Высокий мужчина бросает тщетные попытки закрыть глаза, чтобы красками, взятыми из-под сердца, на обратной стороне века попытаться нарисовать символ борьбы с Чёрной смертью. Сейчас он просто представляет перевёрнутую пирамиду, состоящую из сокращающегося заклинания «ABRACADABRA». Инквизитор мысленно произносит каждую строку.

«ABRACADABRA. ABRACADABR. ABRACADAB. ABRACADA. ABRACAD, — в этот момент он замечает, что больше не слышит даже своих мыслей. — ABRACA. ABRAC. ABRA, — с каждым новым повтором становится все сложнее, все страшнее. — ABR, — думает он о магическом слове в очередной раз, и тело, что стало костюмом, резко дёргается вверх, и сознание начинает быстрое восхождение на самую высокую лестницу города. Там инквизитор, вместе со свитой, сжигал всех без разбора.

Сердце колотится подобно крысе, чувствующей приближение чего-то поистине страшного.

Он оказывается на площади, откуда ушёл буквально несколько часов назад. Достигнув этого места, где несколько часов назад он общался с ведьмой, тело инквизитора останавливается. Он вновь может ощутить себя как целое существо. И даже песня, что так тихо, но так назойливо звучала в голове, унимается. Даже сердце, что колотилось как рыба, выброшенная на берег, успокаивается и, поймав свой обычный ритм, бьётся в груди высокого человека.

— Господи! — молвит он, и руки поднимаются к лицу и ощупывают ладонями страшную маску, что надета на голову. — Снять! Её надо снять, — сбивчиво, впопыхах, произносит инквизитор, позабыв обо всем вокруг. Его руки скользят на затылок. Туда, где застежка. Он знает, что найдёт её там, но все равно молит своего бога о том, чтобы она была на своём месте.

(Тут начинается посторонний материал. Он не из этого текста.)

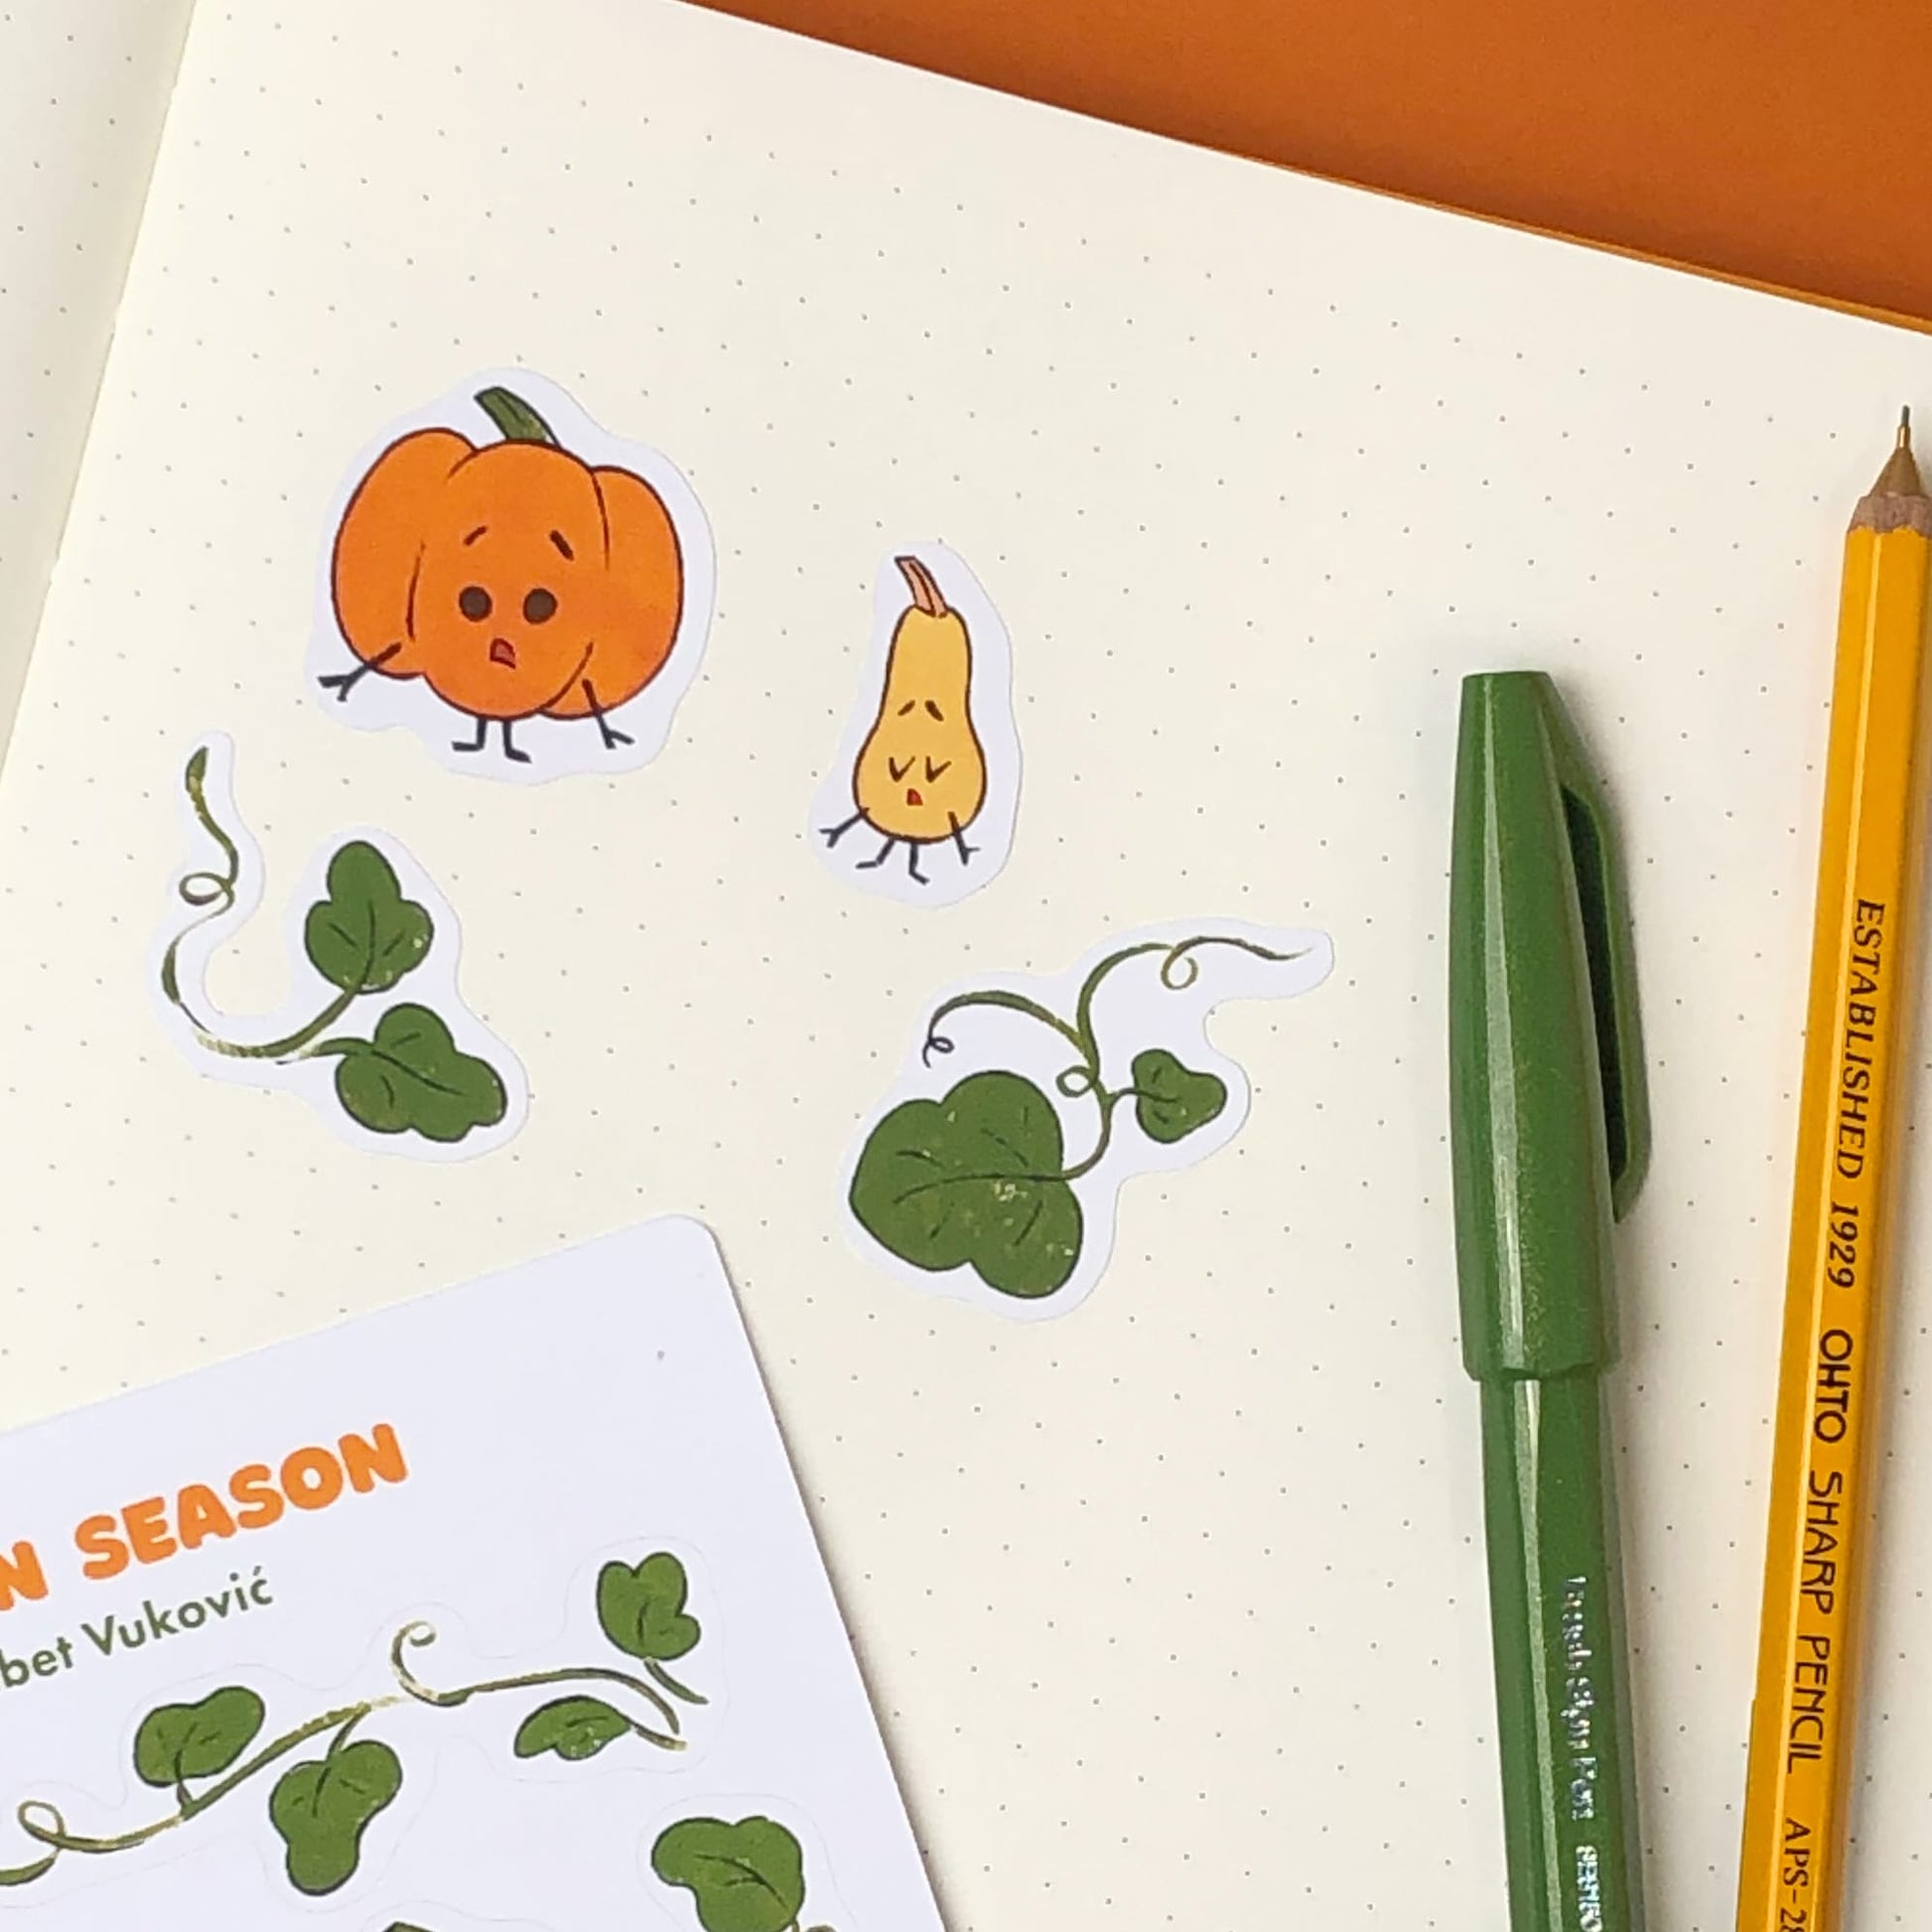 Pumpkins stickers on a notebook page beside it sit a pen and pencil.

— Спасибо тебе, Всевышний! — с облегчением выдыхает высокий мужчина и в ту же секунду сначала расцепляет небольшие крючки, а затем стаскивает с головы длинноносую маску. Теперь его взору открывается совершенно все и в других тонах. Он прощается со стеклянными окулярами и видит окружающий его мир четко. Во всех тёплых оттенках чёрного и серого, которые он только мог видеть. А потом его отвлекает небольшой хлопок. Даже нет, щелчок, где-то позади. Обычно такой звук издают стопы, которые касаются камня или мрамора при ходьбе. И вот этот звук заставляет инквизитора развернуться на сто восемьдесят градусов.

Перед ним предстаёт нечто большое, монолитное, совершенно тёмное, в красивой резной раме. Словно он стоит перед смолой, заключённой в деревянные стены, выполненные неизвестным резчиком.

Рука инквизитора поднимается и касается поверхности появившегося перед ним обрамлённого обелиска. Она тёплая, она гладкая, матовая. Высокий мужчина, скинувший оковы тяжелого костюма, прикасается к этому нечто щекой, и на лице его возникает удовлетворённая улыбка. Вновь звучит отдаленная и прекрасная песня, которую поёт ангел.





«Неужели этот сюр, неужто этот кошмар подошёл к концу, и теперь я смогу отдохнуть?» — появляется вопрос в голове инквизитора, и тот поворачивается, чтобы посмотреть на скинутые им вещи. Они лежат на прежнем месте, и от осознания этого тепло разливается по жилам от самого сердца.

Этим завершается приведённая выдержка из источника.